Thousands of Laotians fled civil war and famine during the 1970s and 1980s, taking refuge in Thailand. More than 90,000 Laotian refugees remained in January of 1989 in the border camps in Thailand. In 1980, the United Nations High Commissioner for Refugees (UNHCR) launched a voluntary repatriation program, which nine years later had re-entered the country to 5,357 people, adding to this figure another 15,000 who returned independently.

Economic development

Agriculture contributed 26% to Gross Domestic Product (GDP) in 2012 and employed 72.4% of workers in 1988. The main crops are rice (which occupies 78% of the arable land), corn, cassava, potatoes, sweet potatoes and coffee for export. Pigs, poultry, cattle and fish are raised. In 1987, revenue from timber exports quadrupled (to $ 32.8 million). In 1989 However, deforestation led to a ban on the export of uncontrolled wood.

Industry (7% of labor capacity in 1980) and manufacturing (less than 1%) were underdeveloped. There are considerable mineral resources, mainly tin and gypsum. To a lesser extent, lead, zinc, coal, potassium, iron ore and small deposits of gold, silver and precious stones are mined.

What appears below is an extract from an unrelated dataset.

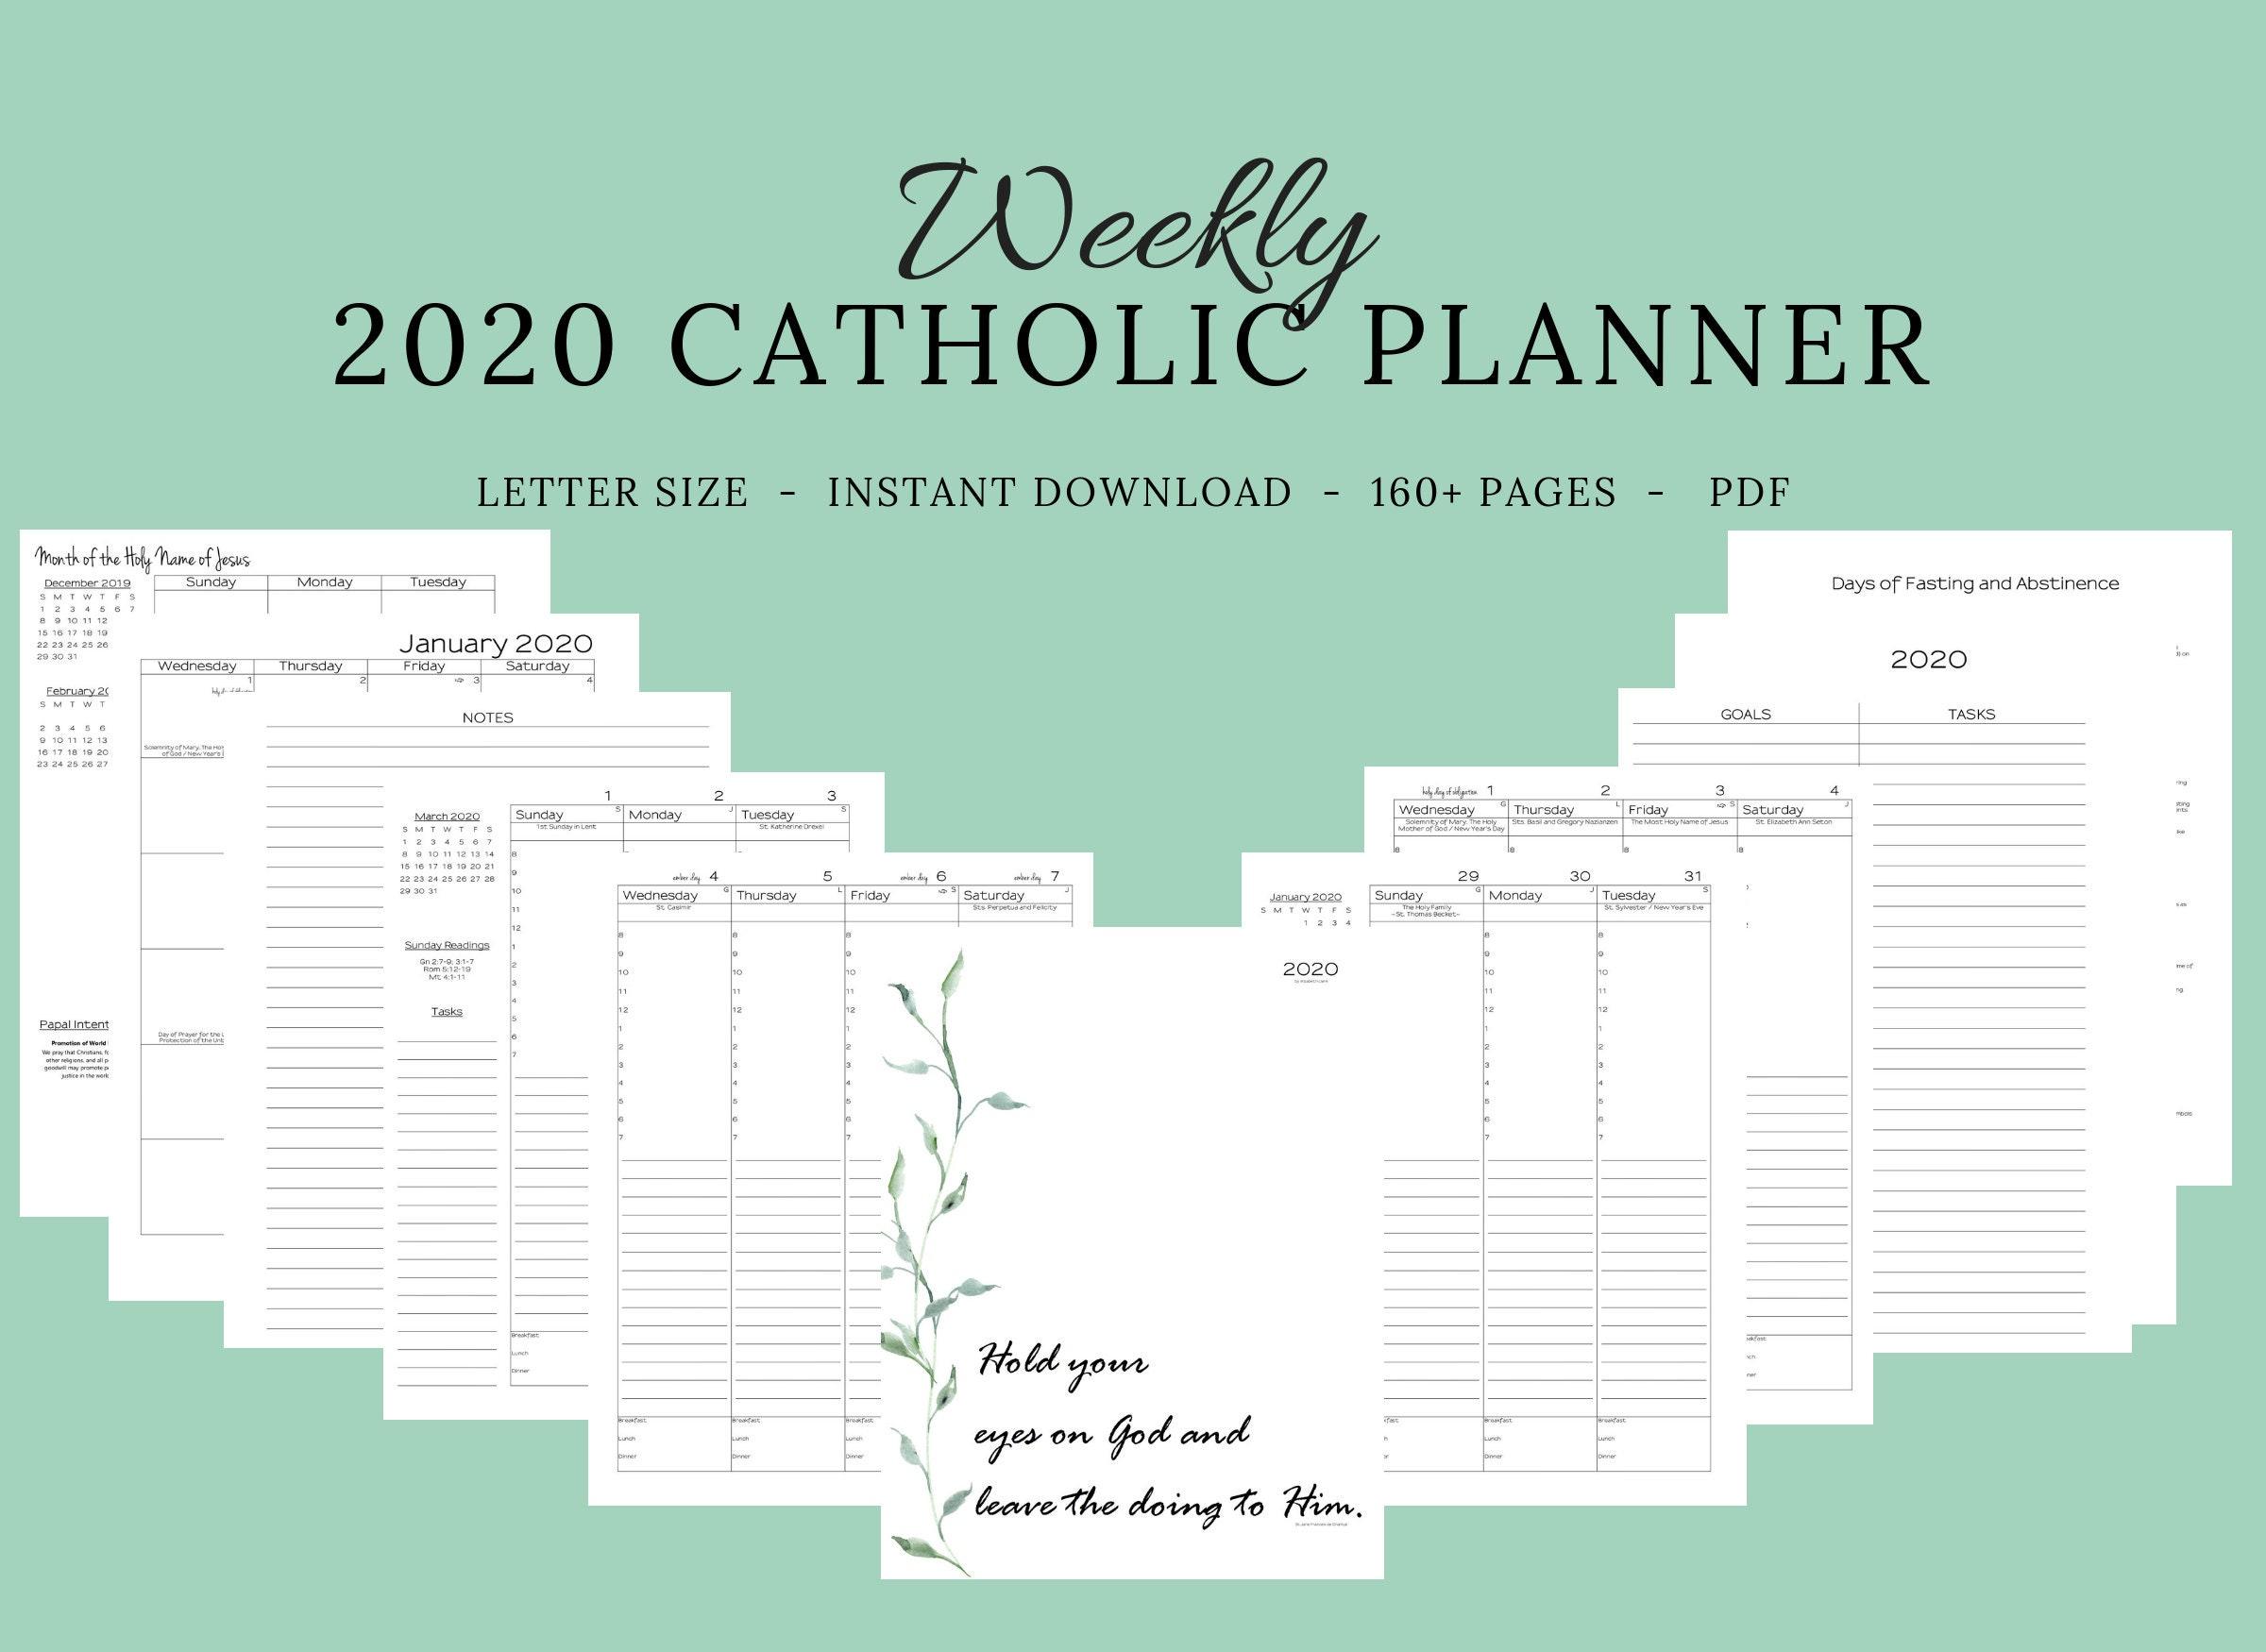 December 31 2020 Liturgical Calendar 2020 Catholic Planner Weekly Printable: Daily Planner /   Etsy

The abundant hydroelectric power, which is exported to Thailand, is one of the main sources of foreign exchange (21.3% of total export income in 1987). Laos imports all the mineral fuels it consumes. Its main trading partners were the USSR, Thailand and Japan. The largest exports in 1987 were logs and wood products (51.1% of the total), electricity, coffee, tin, and gypsum. Mainly food, mineral fuels, machinery and transportation equipment were imported.

The economy was affected by the changes in Eastern Europe, since its development depended heavily on aid from the USSR and Vietnam. In the late 1980s, the government was forced to change its planned economy to a market economy, allowed the establishment of small private companies and ended the state monopoly on banking. In 1988 foreign investment was encouraged, allowing companies with 100% foreign capital to settle in the country, and companies with mixed capital to be created.

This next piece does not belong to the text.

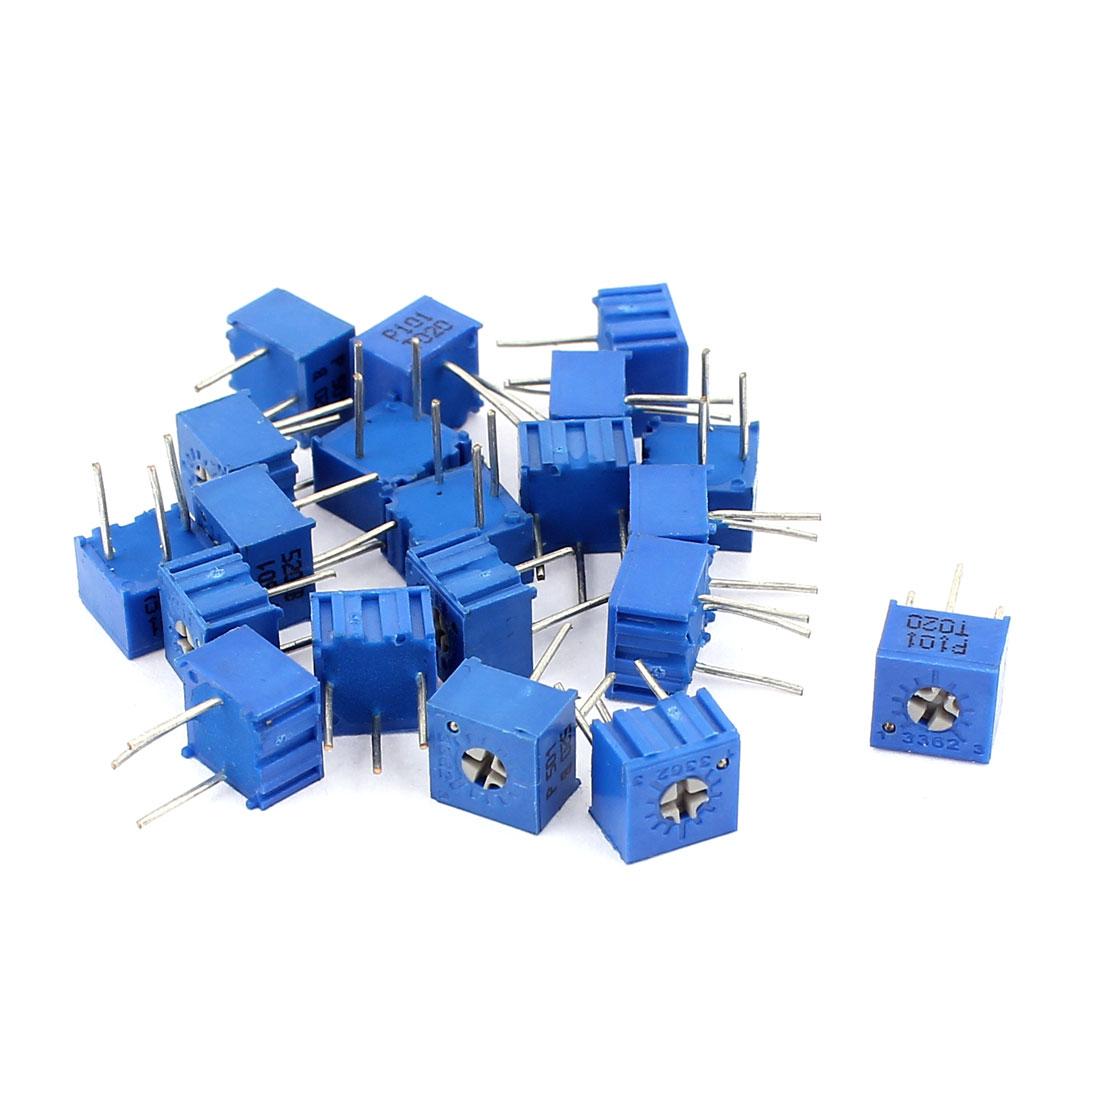 20Pcs Potentiometer Trimmer Variable Resistor 3362P-501 3362P-101

This plan aimed to reduce the balance of payments deficit by improving infrastructure, promoting exports, and encouraging industries to substitute imports. The serious economic crisis suffered by the USSR drastically reduced financial aid to Laos, which tried to reduce its dependence on the member countries of the now-defunct CAME and Vietnam. Meanwhile, the Laotian government hoped to strengthen economic ties with neighboring Thailand, Japan and the countries of the European Community.

In Laos there were no railroads. The road network (the main means of transport, used by 90% of freight traffic and 85% of passenger traffic) totaled 12,983 km in 1985. The Mekong River (a considerable part of its western border) is the most important commercial artery. largest in the country. The main airport is Wattai, in Vientiane. In 1988 the entry of Western tourists was allowed for the first time.